Anton Kovalenko <
an...@sw4me.com> writes:
>>> As we can see, even a compenent, caring Perl programmer proposes "read
>>> and discard" instead of "read, check and discard", and that's in the
>>> discussion of correctness. Why would I need a strawman?
>>
>> It's this kind of thing that makes me want to take Lisp programmers out and
>> shoot them.
[...]
> [I]t's how people stick to a specific Perl feature
> ($/), even after it was shown to be a wrong tool in a number of ways
> (Kaz Kylheku noticed an additional danger of empty records).
[...]
> Surely it _could_ happen with CL, but I have yet to see it happening.
Well, that was a gross overstatement: it happens all the time with
FORMAT ("~a-~a" is incorrect for making symbol names from other symbol
names, but widely used). And I have an idea why it happens with Perl and
with FORMAT, but not with most other CL stuff.

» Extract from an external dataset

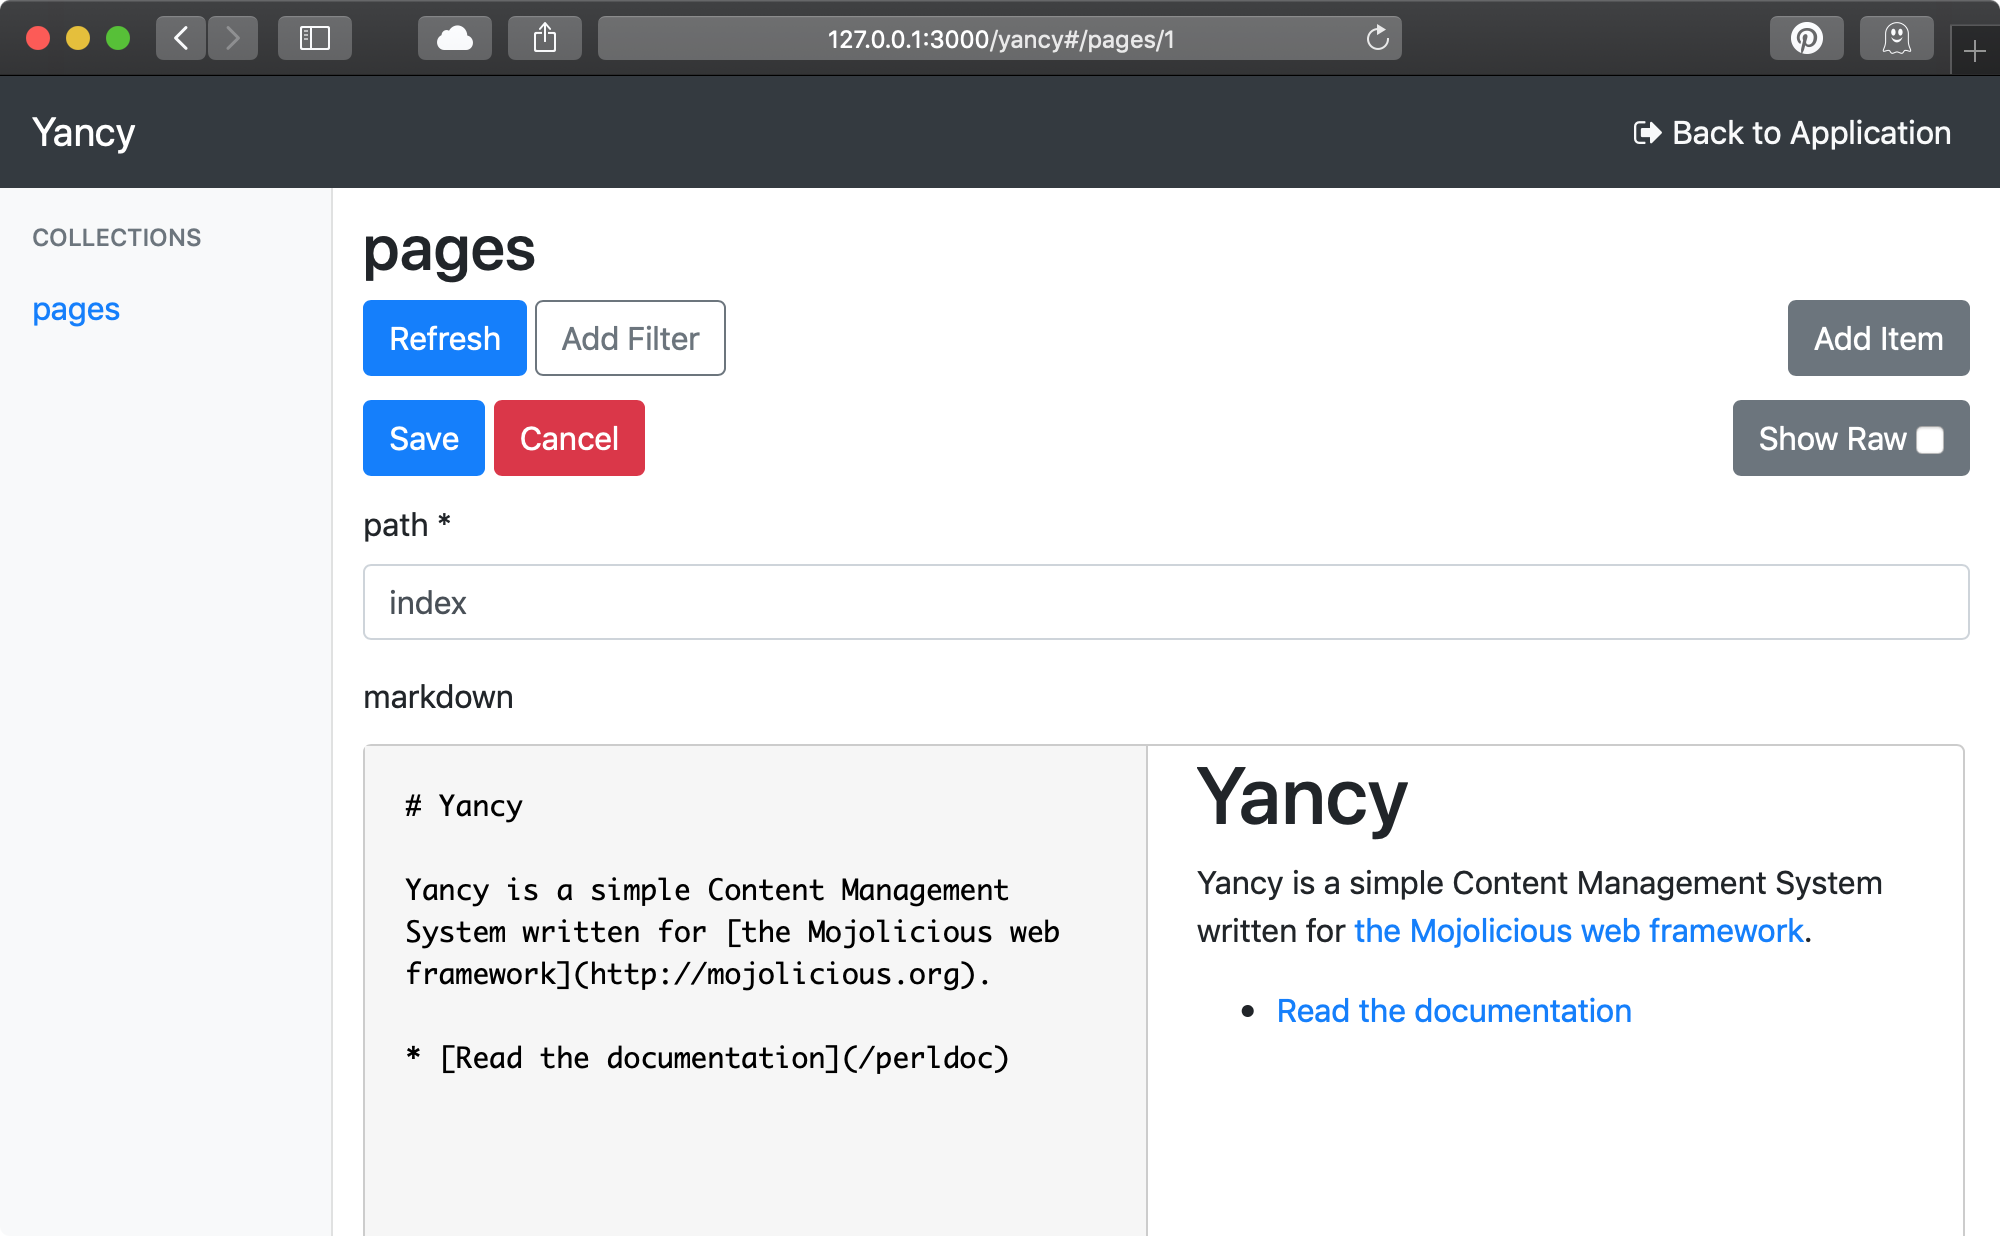 Screenshot showing the Yancy editor adding an "index"
page

If we leave out FORMAT, CL doesn't have "killer features", that is,
things so shining with elegance and brevity that we're instantly tempted
to use them. There's nothing magic about PARSE-INTEGER, or SEARCH, or
MAPCAR..., you can write your own and use it, sometimes without any
performance penalty. When a tool is appropriate, you use it; when it's
not quite there, you roll your own. The original tool we wanted to use
usually provides some good hints on the interface we want to export
(e.g. our own parse-c-integer could take string, end, start, radix,
junk-allowed too, and :test & :key are useful for many other stuff).
In Perl, OTOH, _any_ feature is a killer feature. How would I roll my
own $/ or $_, if they were not there? Therefore, each feature that we're
using for a specific task has a chance of becoming addictive: it looks
like too much work to do if we dare to throw it away, even if it's not
really so hard for a specific task. It's not hard in Perl, after all, to
read a line at a time in a loop, check for "*RECORD*", collect a list --
that kind of boring thing we would do in CL.